O Tomás não respondeu logo. Parecia refletir.
«Esses seres de formas cerebroides que contactaram contigo podem ter evoluído rapidamente, como uma estrela evolui para supernova. E também, bruscamente, o nosso astro-rei poderá entrar em colapso. Mas estamos a fazer futurologia. É mais sensato aguardarmos.»

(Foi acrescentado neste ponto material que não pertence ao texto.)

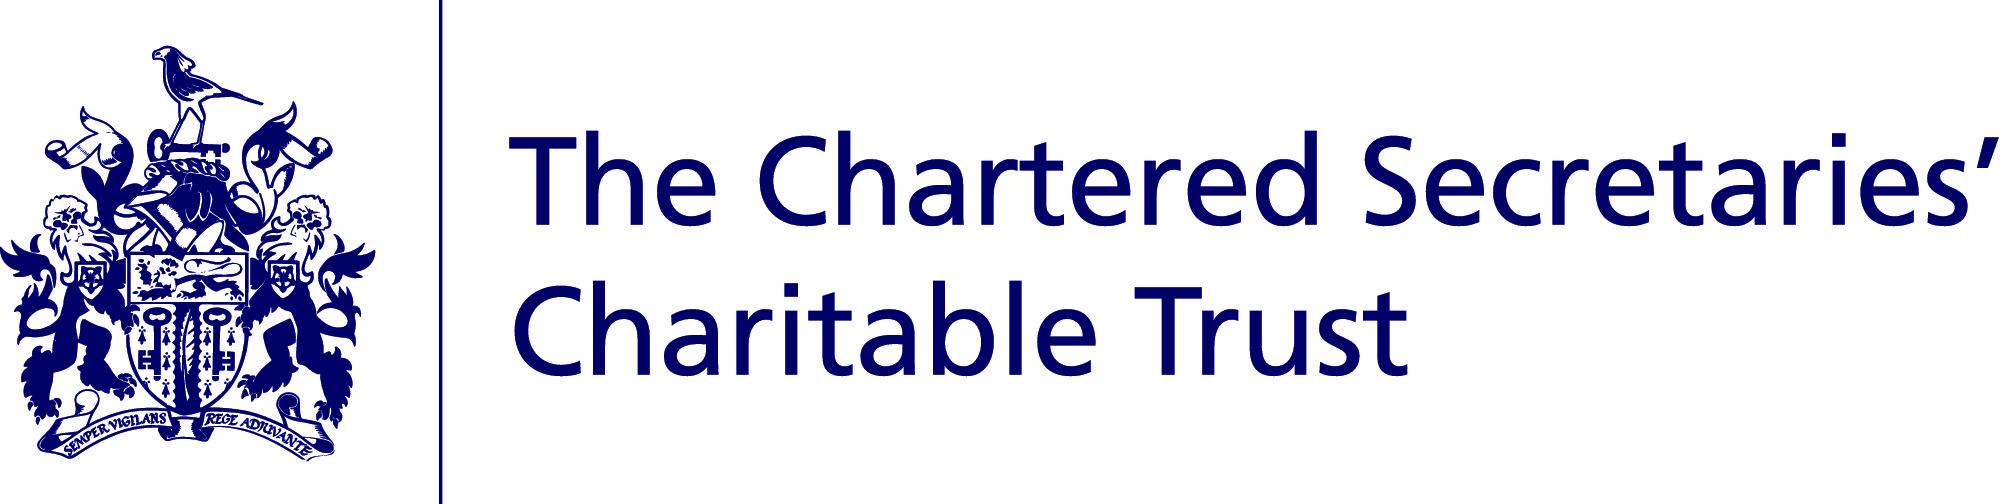 charitable trust logo cmyk blue

A primeira noite que dormi no abrigo foi penosa. Deitei-me extenuado e pensei que dormia de um só sono até ao raiar da manhã. Enganei-me. Não preguei olho, virei-me e voltei a virar-me, como um frango no espeto, e foi com alívio que vi enfim chegar a manhã.
Podia ir ainda duas vezes até ao exterior. Depois, seria o isolamento por dois longos anos.
A Mafalda tinha chegado primeiro. Vi-a sentada no muro baixo que rodeava a casa. À primeira vista ninguém diria que aquela casa escondia um abrigo na cave, prolongando-se abaixo do jardim, em toda a área.
«Estás a deitar contas à vida?»
«Bom dia, Mário. Pensava que amanhã já não estou aqui a gozar os prazeres que o campo oferece. Este contacto direto com a Natureza é simplesmente maravilhoso e só hoje estou a dar o seu devido valor. Nós, que vivemos na cidade, não sabemos que estas coisas belas existem.»
«Concordo contigo. Mas a partir de hoje devemos dizer: nós, que vivíamos no bulício da cidade...»
«Nem quero pensar nisso agora. Deixa que goze estes últimos momentos de liberdade, Mário.»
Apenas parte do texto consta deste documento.